📄 rfc3378.txt
字号:
Network Working Group R. Housley
Request for Comments: 3378 RSA Laboratories
Category: Informational S. Hollenbeck
VeriSign, Inc.
September 2002
EtherIP: Tunneling Ethernet Frames in IP Datagrams
Status of this Memo
This memo provides information for the Internet community. It does
not specify an Internet standard of any kind. Distribution of this
memo is unlimited.
Abstract
This document describes the EtherIP, an early tunneling protocol, to
provide informational and historical context for the assignment of IP
protocol 97. EtherIP tunnels Ethernet and IEEE 802.3 media access
control frames in IP datagrams so that non-IP traffic can traverse an
IP internet.

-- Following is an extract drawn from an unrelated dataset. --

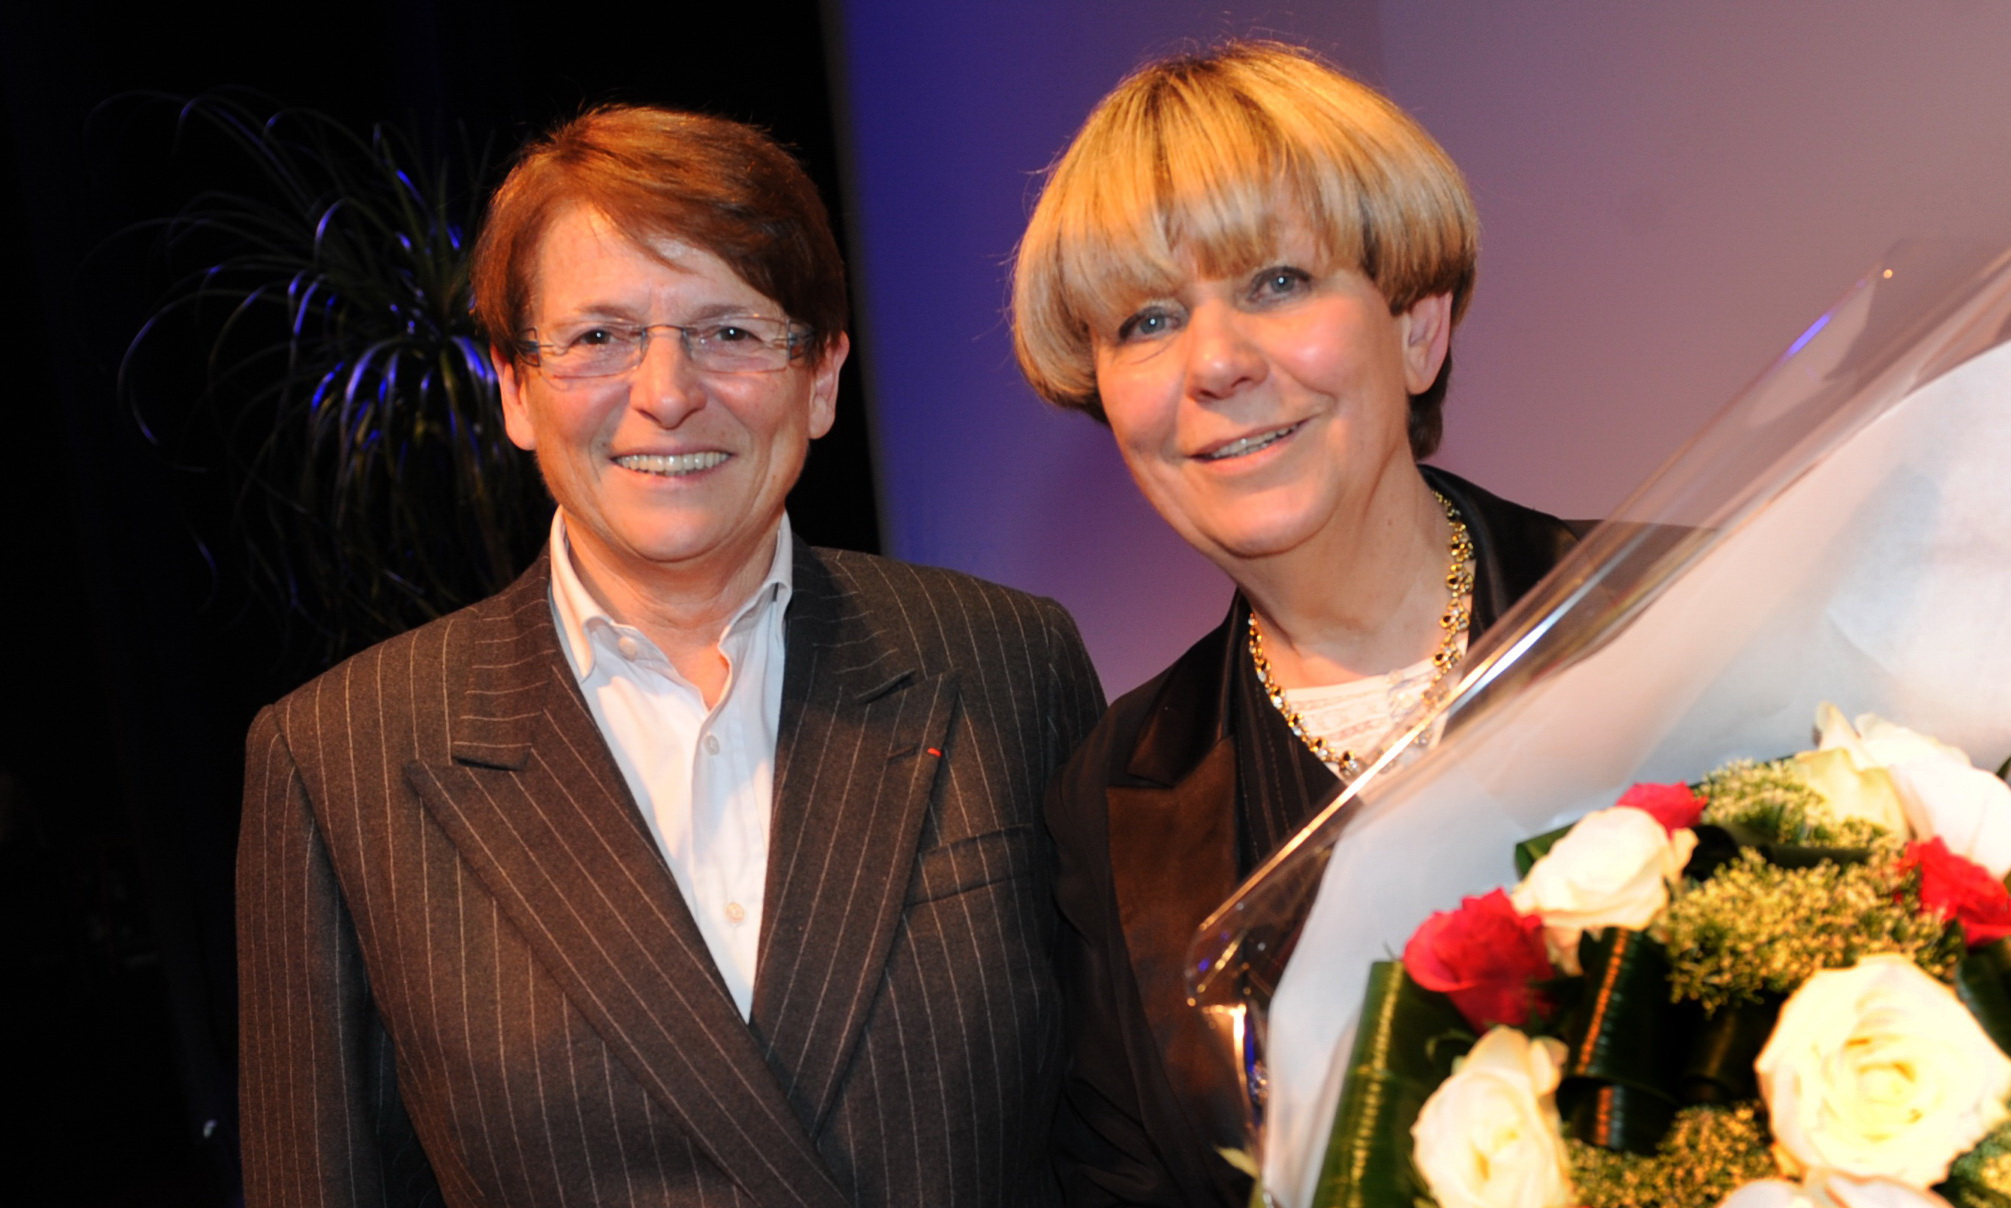 Municipales Dardilly 2014. Michèle Vullien pour 6 ans encore ?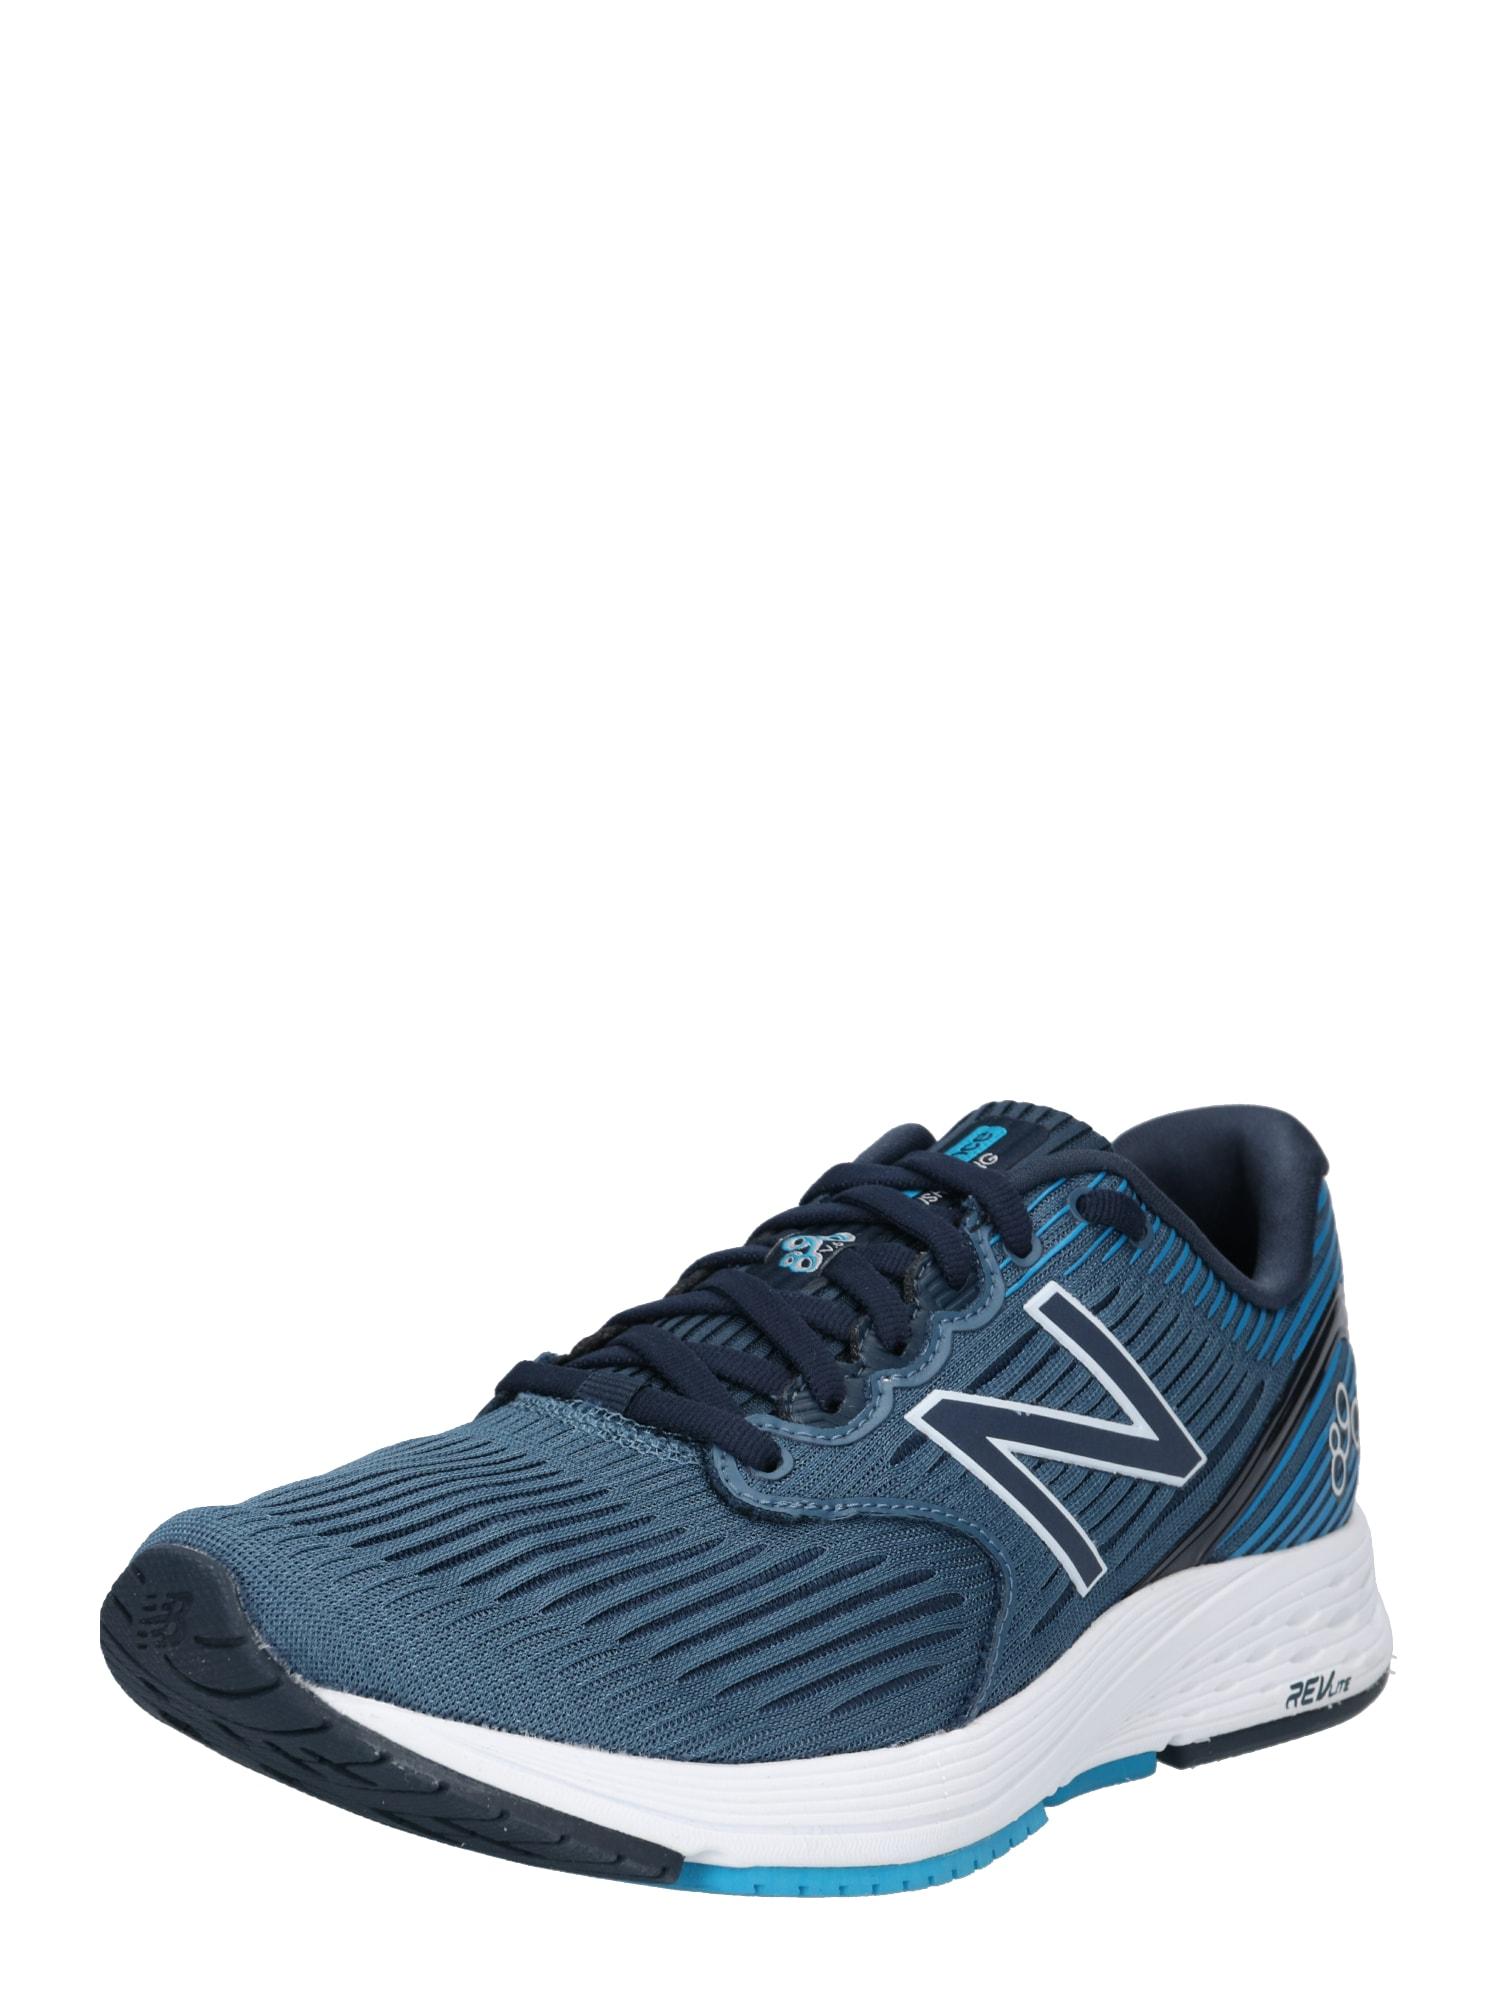 Běžecká obuv M890LG6 marine modrá New Balance

The protocol is very lightweight, and it does not
provide protection against infinite loops.
1. Introduction
EtherIP was first designed and developed in 1991. This document was
written to document the protocol for informational purposes and to
provide historical context for the assignment of IP protocol 97 by
IANA.
The IETF Layer Two Tunneling Protocol Extensions (L2TPEXT) Working
Group and IETF Pseudo Wire Emulation Edge-to-Edge (PWE3) Working
Group are developing protocols that overcome the deficiencies of
EtherIP. In general, the standards track protocols produced by these
IETF working groups should be used instead of EtherIP.
The EtherIP protocol is used to tunnel Ethernet [DIX] and IEEE 802.3
[CSMA/CD] media access control (MAC) frames (including IEEE 802.1Q
[VLAN] datagrams) across an IP internet. Tunneling is usually
performed when the layer three protocol carried in the MAC frames is
not IP or when encryption obscures the layer three protocol control
information needed for routing. EtherIP may be implemented in an end
station to enable tunneling for that single station, or it may be
implemented in a bridge-like station to enable tunneling for multiple
stations connected to a particular local area network (LAN) segment.
Housley & Hollenbeck Informational [Page 1]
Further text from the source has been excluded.